“It is true, very true that this is he, little King Loc,” replied Honey-Bee. “See, all you little men, how I laugh and how happy I am.”
And she began to weep. Her tears fell on her lover’s face, but they were tears of joy; and with them were mingled tiny bursts of laughter and a thousand endearing words without sense, like the lisp of a little child. She quite forgot that the sight of her joy might sadden the heart of King Loc.
“My beloved,” said George, “I find you again such as I had longed for: the fairest and dearest of beings. You love me! Thank heaven, you love me! But, Honey-Bee, do you not also love King Loc a little, who delivered me out of the glass dungeon in which the nixies held me captive far away from you?”
Honey-Bee turned to King Loc.
“Little King Loc, and did you do this?” she cried. “You loved me, and yet you rescued the one I love and who loves me——”
Words failed her and she fell on her knees, her head in her hands.

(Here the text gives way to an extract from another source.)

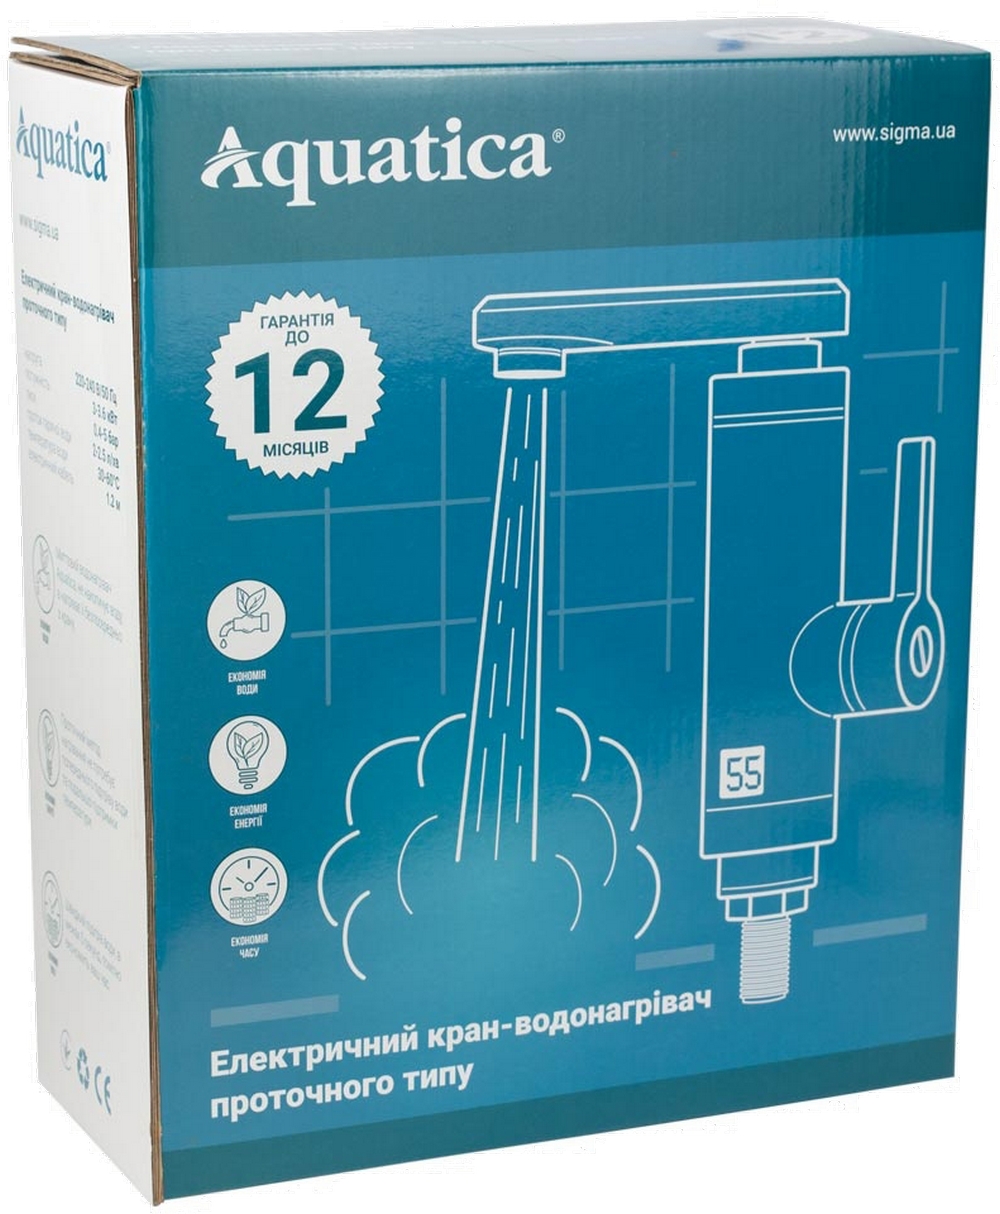 Проточный водонагреватель Aquatica JZ-6C141W цена 1513.00 грн - фотография 2

All the little men who witnessed this scene deluged their cross-bows with tears. Only King Loc remained serene. And Honcy-Bee, overcome by his magnanimity and his goodness, felt for him the love of a daughter for a father.
She took her lover’s hand.
“George,” she said, “I love you. God knows how much I love you. But how can I leave little King Loc?”
“Hallo, there?” King Loc cried in a terrible voice, “now you are my prisoners!”